Dump atom/mpiio not working, also lost atom problem

Hi all,

I have build lammps on an IBM Blue Gene/Q massively parallel processing supercomputer, but when I try to run it I got two problems.

First, the dump files produced by ‘dump all atom’ and ‘dump all atom/mpiio’ are incomplete and has lots of zeros in them, as if there is only one core writing into the file (mpiio not working). However xyz/mpiio dump style did seem to work.

Second, some times I got lost atoms error:

‘ERROR: Lost atoms: original 6231 current 6227’

The same script has been ran on another cluster (Intel Xeon E5-2695 v2) with same lammps build without getting this problem. And the energy/pressure are about the same for the two clusters.

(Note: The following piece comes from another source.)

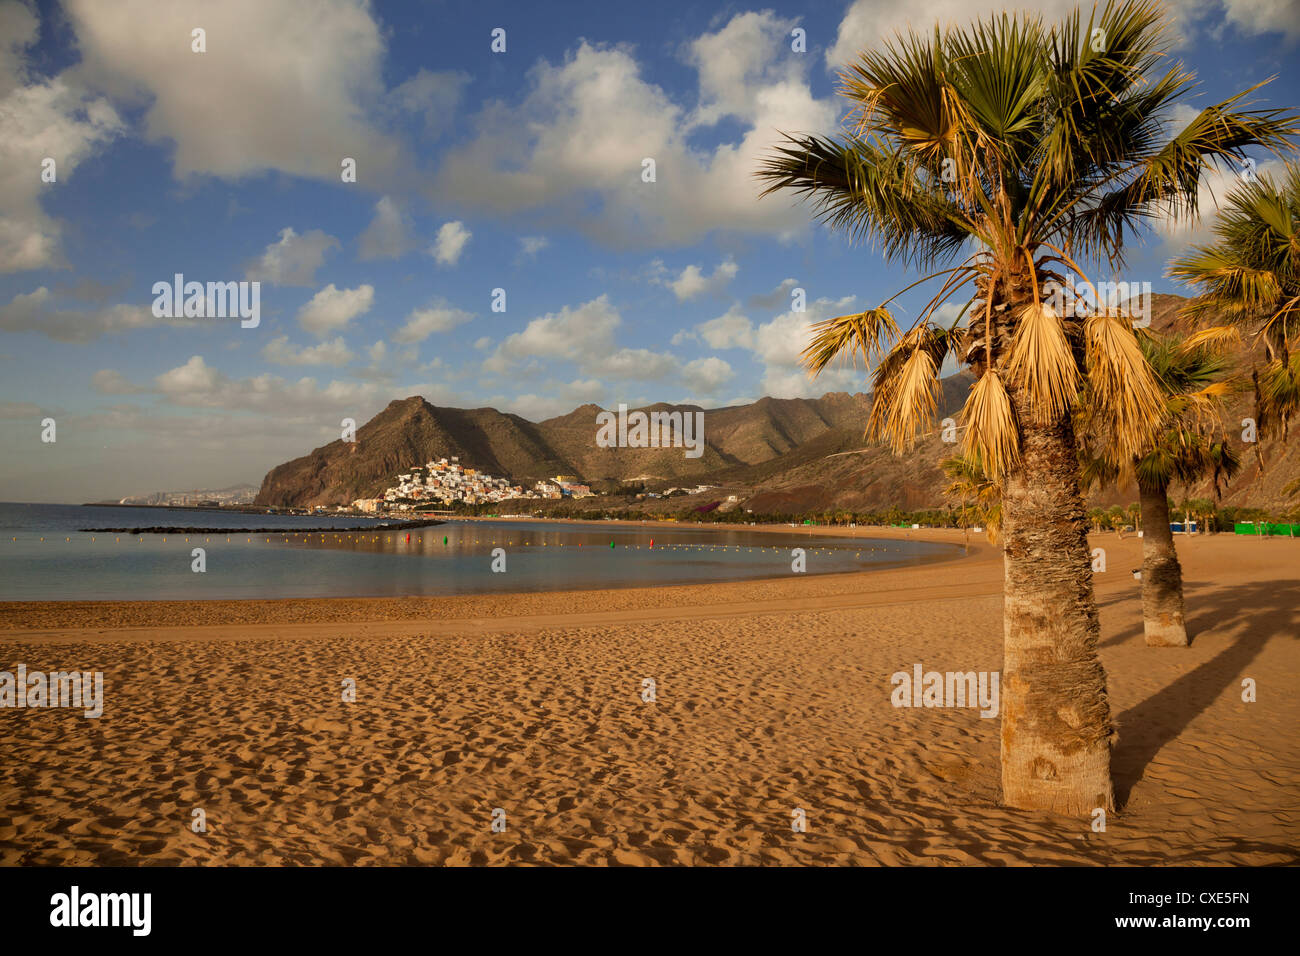 Playa de las Teresitas in early morning light, Tenerife, Canary Islands, Spain, Europe. - Stock Image

Both r13864 and 17Nov16 were installed and have the same error.

Thank you for your help,

Lijie

Hi all,

I have build lammps on an IBM Blue Gene/Q massively parallel
processing supercomputer, but when I try to run it I got two problems.

First, the dump files produced by 'dump all atom' and 'dump all
atom/mpiio' are incomplete and has lots of zeros in them, as if there is
only one core writing into the file (mpiio not working). However
xyz/mpiio dump style did seem to work.

​if you get corrupted files with dump all atom, then this would be more
likely an issue with the file system and not with LAMMPS. are you certain,
that you don't have multiple jobs running at the same time writing to the
same files?

i would suggest you contact your​ HPC staff and investigate.

Second, some times I got lost atoms error:

'ERROR: Lost atoms: original 6231 current 6227'

The same script has been ran on another cluster (Intel Xeon E5-2695 v2) with
same lammps build without getting this problem. And the energy/pressure are
about the same for the two clusters.

​that doesn't mean anything. with the BG/Q you are likely using more MPI
ranks and thus have a different domain decomposition. in one case, your
communication cutoff is sufficient, in the other it is not. you may still
have bad dynamics.​ whether or not this is the case, is very difficult to
say from remote and without knowing any details.

axel.